The T2DM group and control group did not differ in age (55.3 ± 13.2 vs. 52.7 ± 17.4 years, P > 0.05) or BMI (23.5 ± 2.8 vs. 22.3 ± 2.6, P > 0.05). However, there was a significant difference in the fasting blood glucose level (FBG, P < 0.01), postprandial blood glucose level (PBG1h, PBG2h, P < 0.01), HbA1c level (P < 0.01), postprandial insulin level (PINS2h, P < 0.01), TG (P < 0.01), LDL-C (P < 0.01) and homeostasis model assessment of insulin resistance (HOMA-IR) (P < 0.01)(Table 1). The serum spexin levels in the T2DM group were decreased by 56% as compared with those of the control group (1.69 ± 1.07 ng/mL vs. 3.82 ± 1.54 ng/mL, P < 0.01). Furthermore, there was a significant correlation between the serum spexin level and FBG (r =-0.583, P < 0.01), PBG1h (r =-0.457, P < 0.01), PBG2h (r =-0.502, P < 0.01), HbA1c (r =-0.431, P < 0.01) and HOMA-IR (r =-0.498, P < 0.01) after adjusting for BMI. No significant correlations between serum spexin levels and TG (r = - 0.180), TC (r = - 0.191), LDL-C (r = - 0.270) and HDL (r = - 0.033) were observed.

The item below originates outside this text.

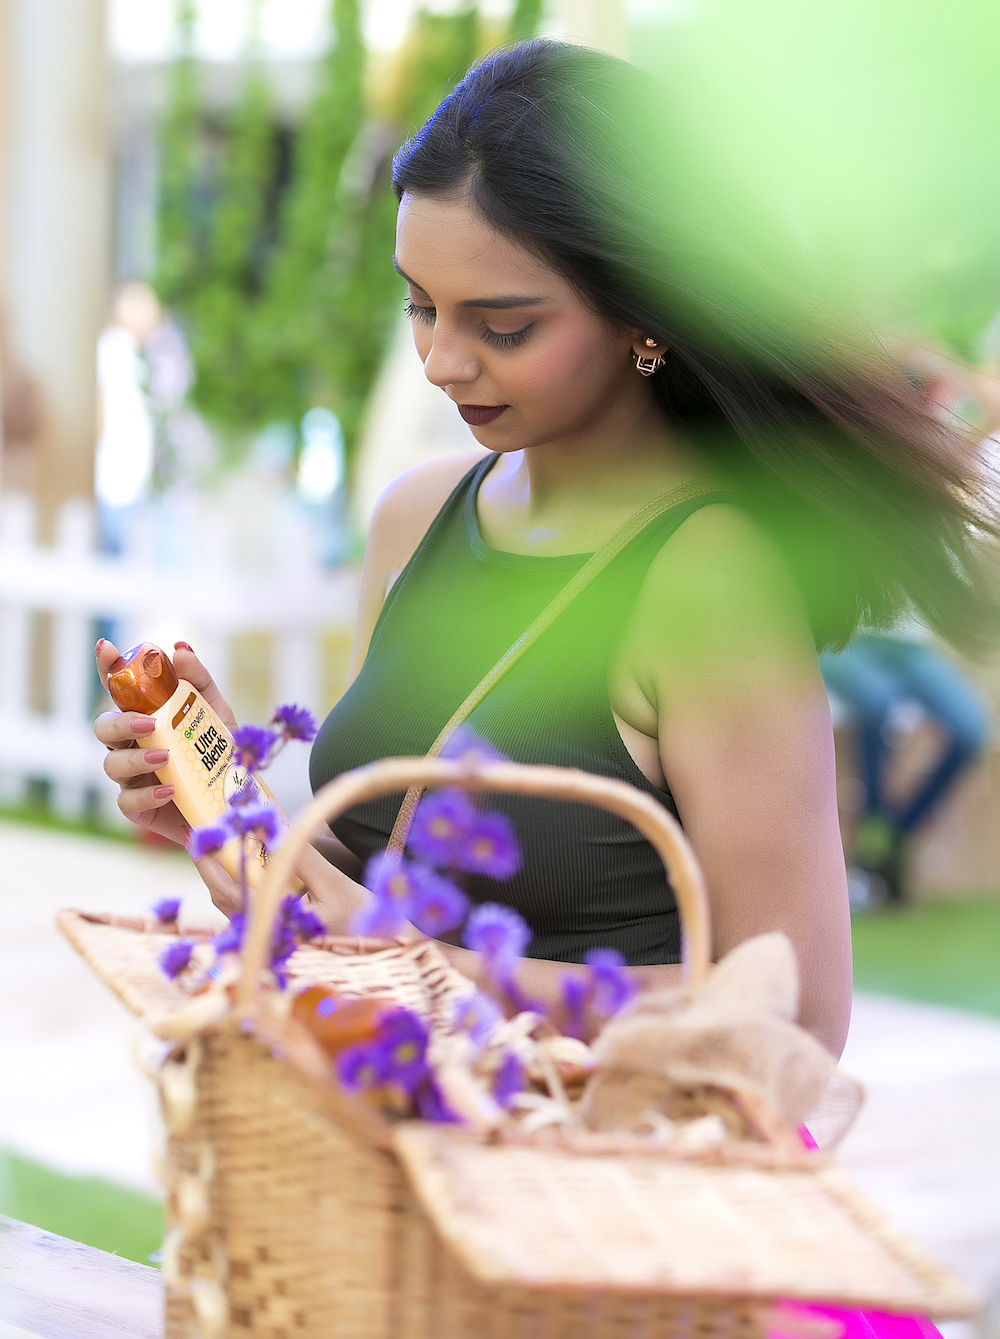 Garnier Ultra Blends Launch Event Personal Style 3

These results showed strong negative correlations between the serum spexin level, glucose level and HOMA-IR in the OGTT, suggesting that spexin is related to insulin resistance.

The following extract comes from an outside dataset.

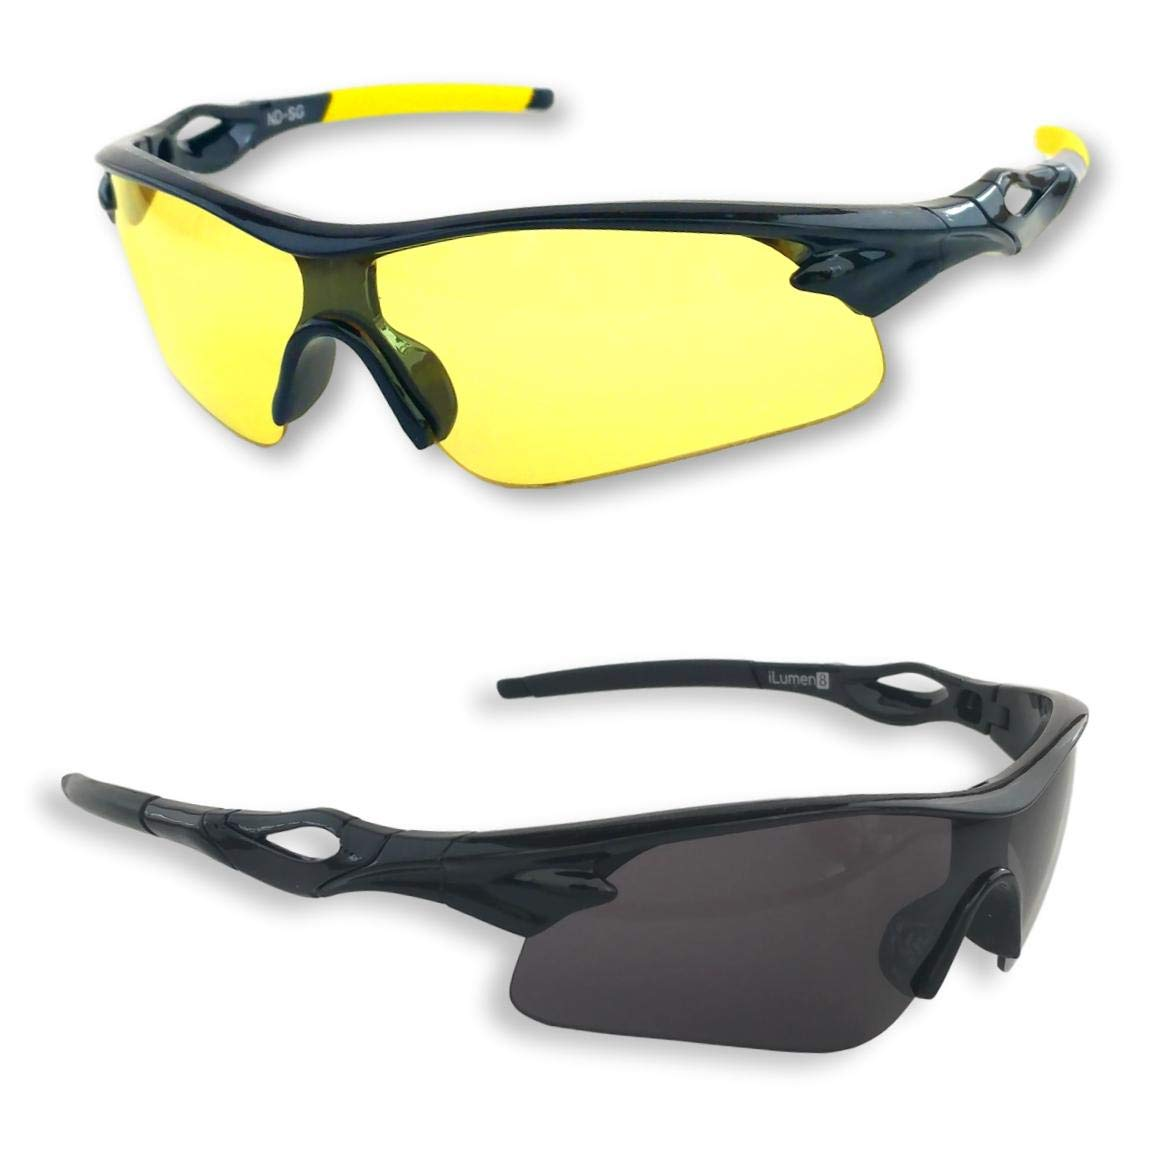 iLumen8 Best Shooting Glasses UV Blacklight Flashlight Yellow Safety Eye Protection See Dog Cat Urine with Amber Black Lights Night Vision Ultraviolet (Yellow & Black, 2 Pair) by iLumen8

HFD feeding for twelve weeks significantly increased the body weight and fasting plasma glucose concentrations as compared with animals fed with control diet (Supplementary Fig. S1A). After 12 weeks of HFD feeding, the fasting plasma insulin concentrations were significantly increased and were approximately 1.7 times higher than before. As shown in Fig. 1A, during the period of spexin treatment, the body weight curve of the HFD + spexin group and the HFD group was gradually separated, while the difference was not significant between the spexin+control groups and the control group. After 8 weeks treatment of spexin, the body weight of the rats at 26 weeks of age in the HFD + spexin group was significantly lower than those in the HFD group (P < 0.05) (Fig. 1B). Exogenous spexin intervention had no significant effect on blood glucose and the area under the curve of glucose (P > 0.05, Fig. 1C, D). Spexin reduced the insulin concentrations in the HFD-fed rats, while no obvious changes were observed in the normal diet-fed group (Fig. 1E). However, Spexin treatment reduced the serum FFA levels (both P < 0.01) but not the serum TG level, when compared with the levels observed in the HFD group (Fig. 1F, G). Exogenous spexin also reduced the HOMA-IR value in the HFD-fed rats but not normal diet-fed rats (Fig. 1H).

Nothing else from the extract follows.